> _TASK DIRECTIONS_
Reproduce the listing below as it stands. Leave out each image.

> _AVAILABLE DATA_
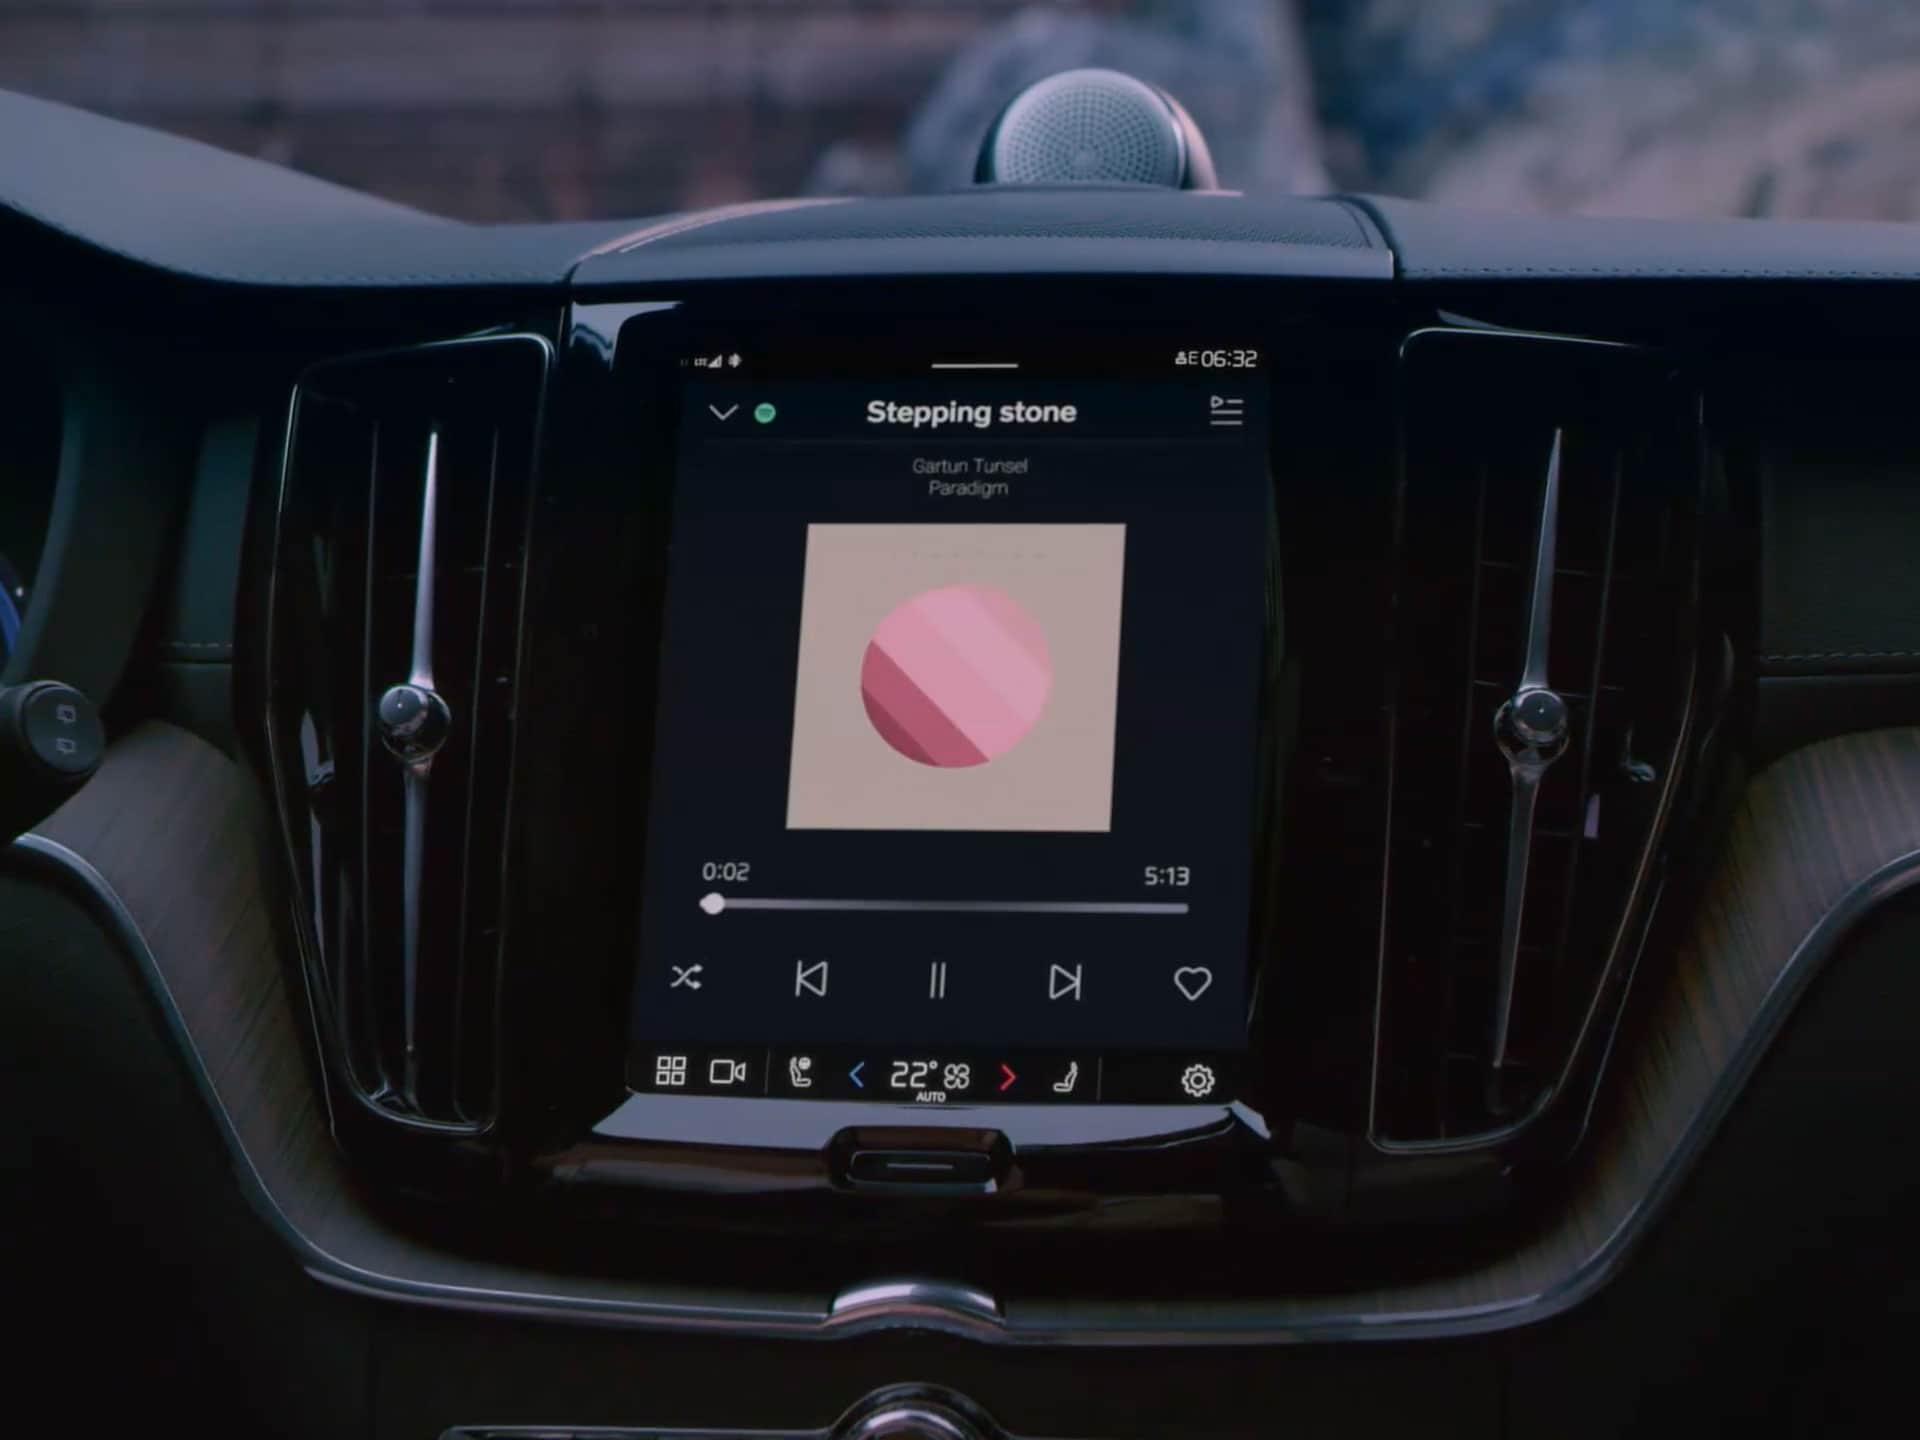 Commande vocale grâce à Google Assistant dans un Volvo XC60.
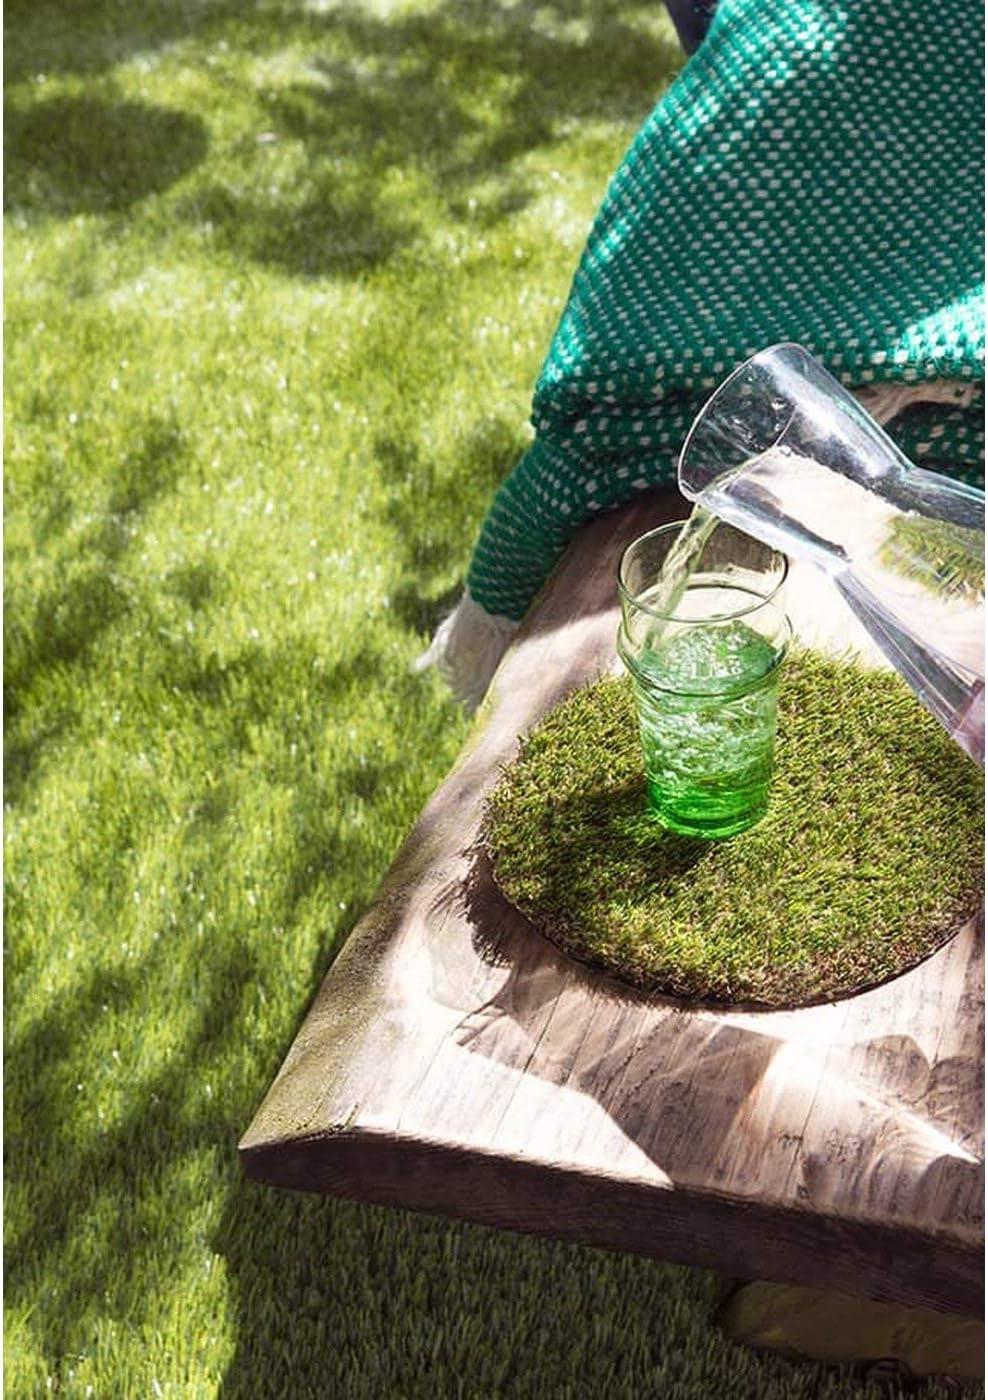 Wasserdurchl/ässiger Kunstrasen f/ür Balkon Terrasse und Garten Kunststoffrasen Kunstrasen Rasenteppich Meterware Arizona mit Drainage Florh/öhe 30mm Rollrasen UV-Best/ändiger 2,50m x 3,50m
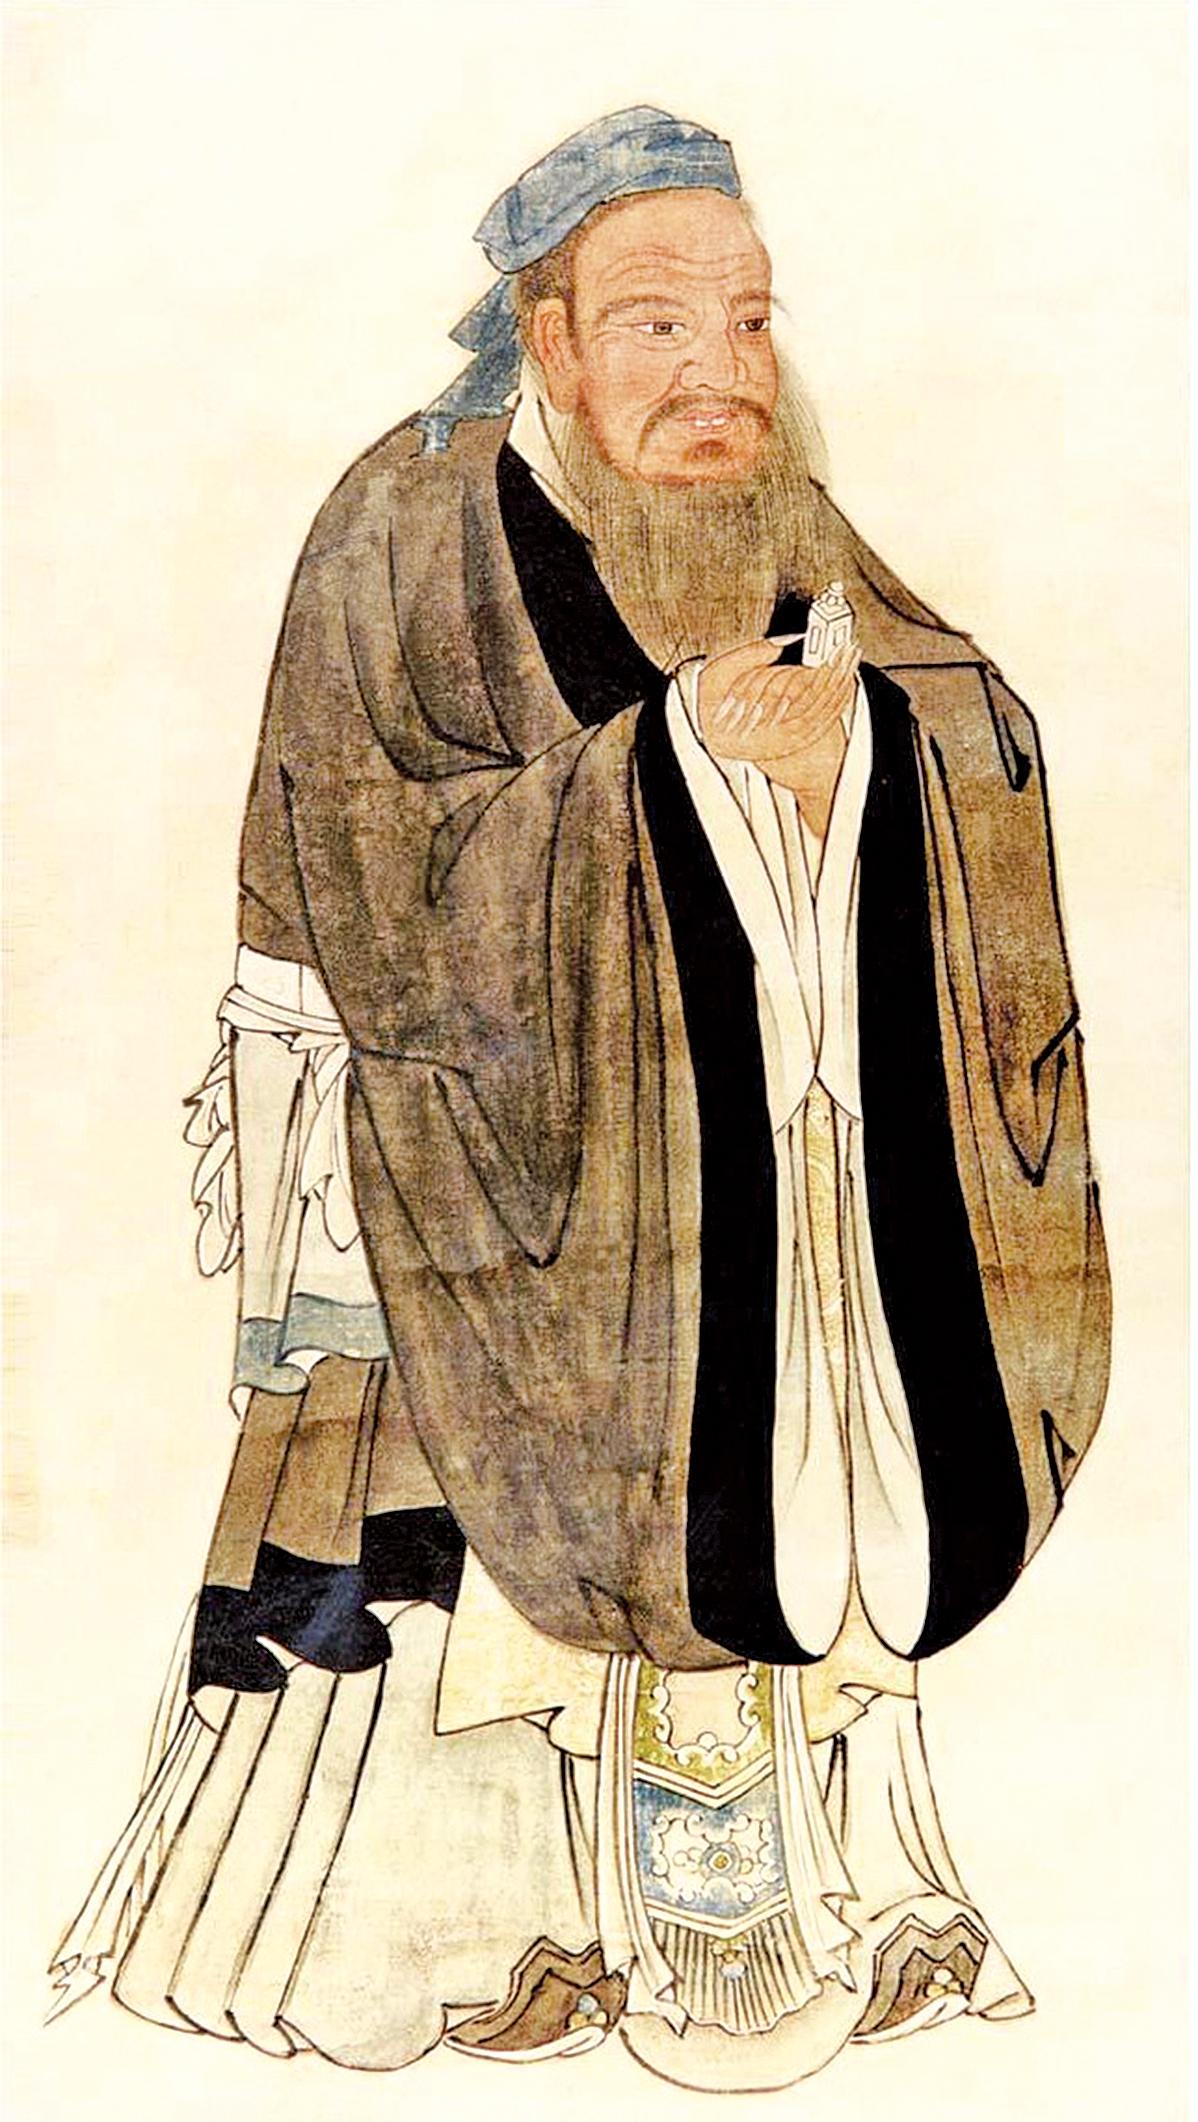 孔子聖蹟圖(公有領域)

> _YOUR RESPONSE_
 Commande vocale grâce à Google Assistant dans un Volvo XC60.
 Wasserdurchl/ässiger Kunstrasen f/ür Balkon Terrasse und Garten Kunststoffrasen Kunstrasen Rasenteppich Meterware Arizona mit Drainage Florh/öhe 30mm Rollrasen UV-Best/ändiger 2,50m x 3,50m
 孔子聖蹟圖(公有領域)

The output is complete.